Ознакомительная версия.
А как-то любознательное дитя умудрилось выдвинуть нижний ящик шифоньера, в котором — среди прочего — хранились лекарства, достала пузырек с крайне привлекательными на вид таблетками, приняв их за утаенные от нее конфеты, ловко отвинтила крышку и — пока никто не увидал и не отнял — принялась горстями запихивать кругляшки себе в рот. Сана проделал свой обычный маневр: влетел в ухо Пелагеи Ефремовны, стряпавшей на кухне пельмени, и отыскал в голове бабушки подходящее воспоминанье… Два бывших зэка, жившие в бараках на поселении, выпрашивали у нее морфий. Высоченные такие литовцы, краси-вы-е! Вошли в фельдшерский пункт и с порога бухнулись на колени: давай упаковку — и все тут! А когда она отказалась давать лекарство, поднялись (уперлись льняными макушками в потолок) и грозиться начали: дескать, голову тебе срубим, шалашовка белохалатная, закопаем под сосной, никто и не узнает, берегись, дескать, мензурка паршивая!.. Жить хочешь — давай морфий, и все! Пелагея, хоть была разъяренным просителям до пупа, наркотическое средство — с помощью которого зеленые братья, видать, хотели проникнуть в свои литовские леса — не дала. «Морфий!.. Лекарства-то в ящике, внизу лежат! Как бы ведь Крошечка…» — скалка вывалилась из рук, бабка понеслась к шифоньеру, отняла пузырек, затолкала пальцы в зев ребенка и вызвала рвоту. Целый фонтан таблеток в смеси с полупереваренной манной кашей залепил бабушке лицо, так что пришлось продирать глаза, отплевываться и отсмаркиваться.

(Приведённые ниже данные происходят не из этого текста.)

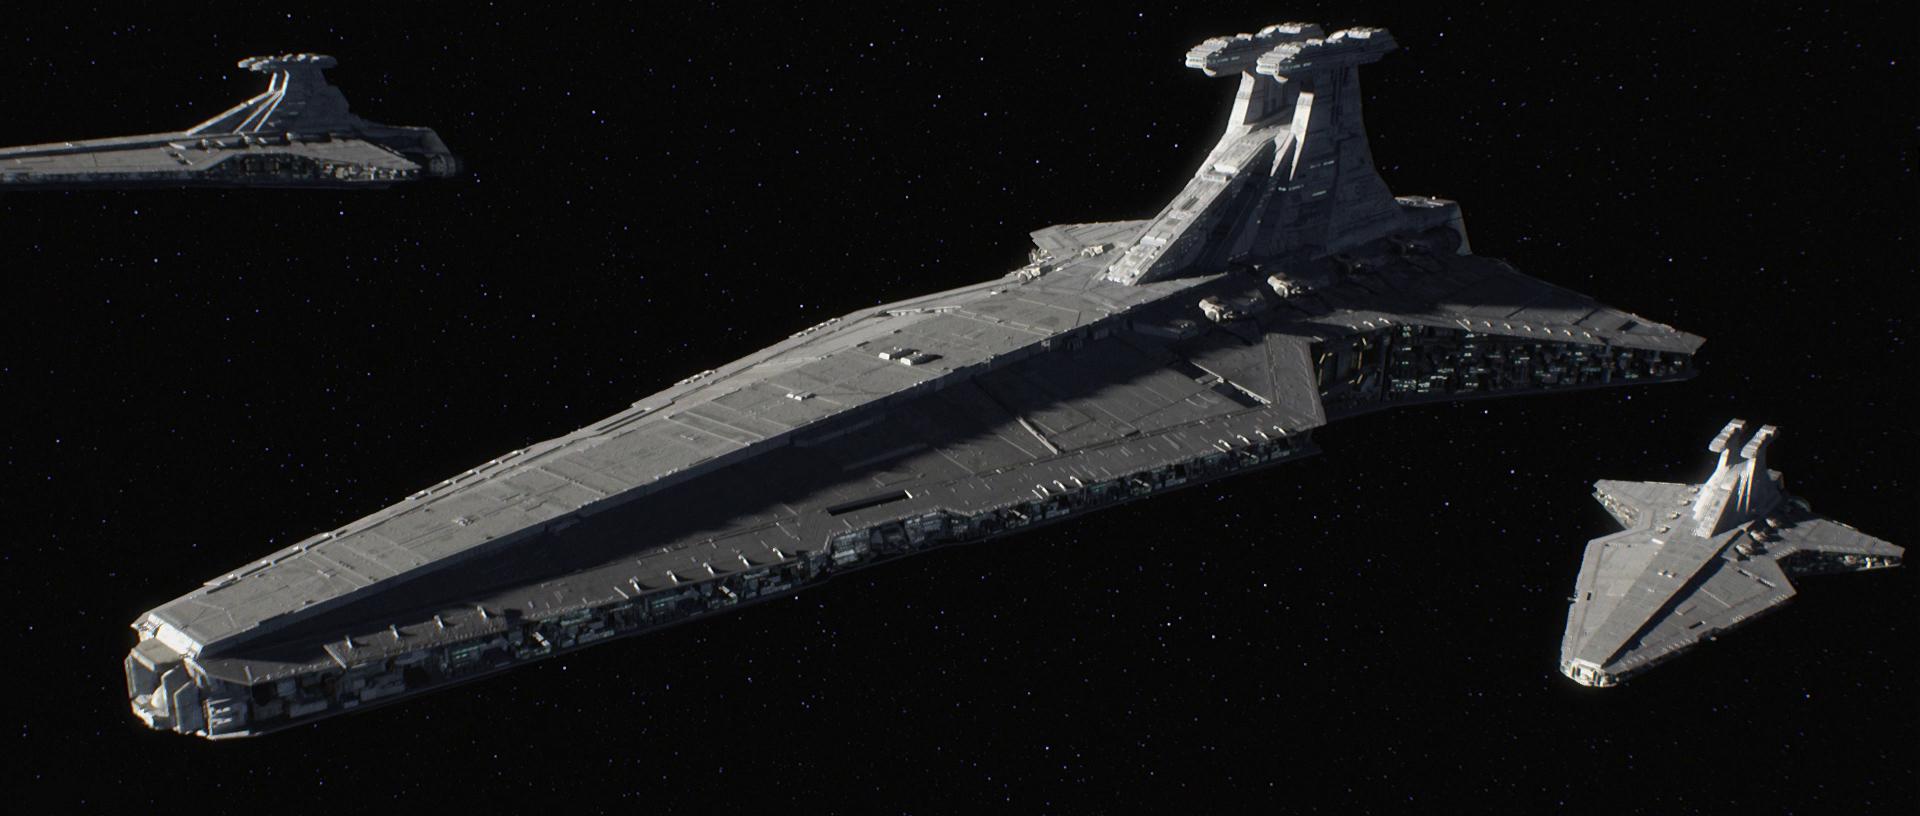 Imperial Navy Star Destroyer Star Wars Wallpaper Star Wars
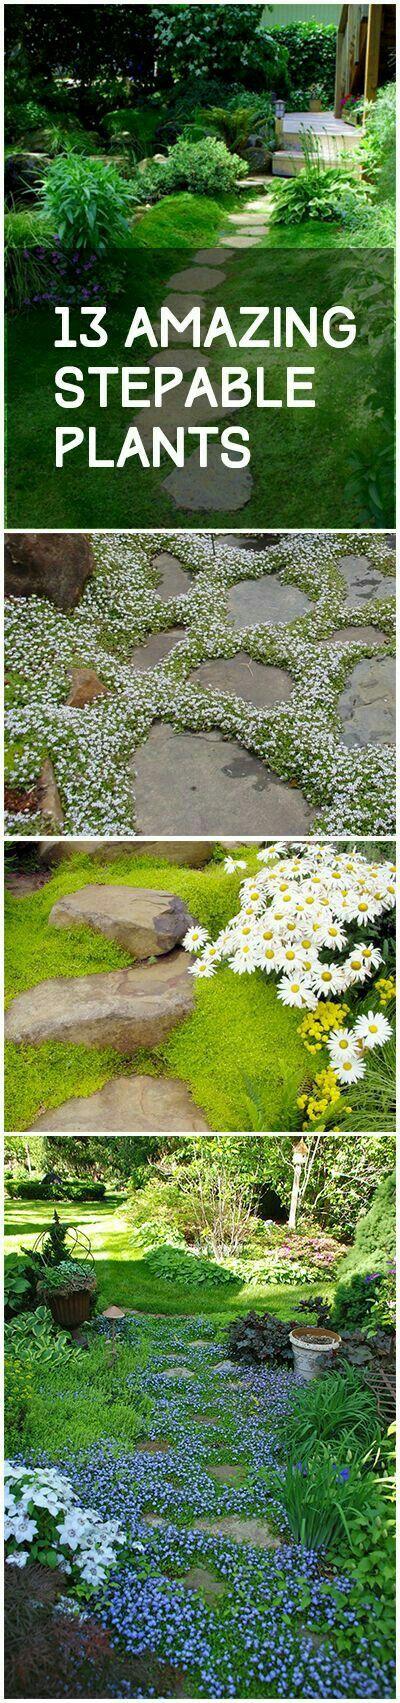 Stepable plants for the bare foot gardener

Однажды Пелагея Ефремовна, как обычно, отправилась с Крошечкой в магазин: идти до него — два шага, всего только нужно обогнуть угол собственного огорода, забранного березовыми кольями, одетыми в бело-черную рванину (верх ограды идет волнами), и завернуть к истоптанному деревянному крыльцу. Бабка вела внучку, в другой руке держала авоську, а Сана неприметной собачонкой на поводке летел впереди них, отлично зная дорогу: только что не лаял.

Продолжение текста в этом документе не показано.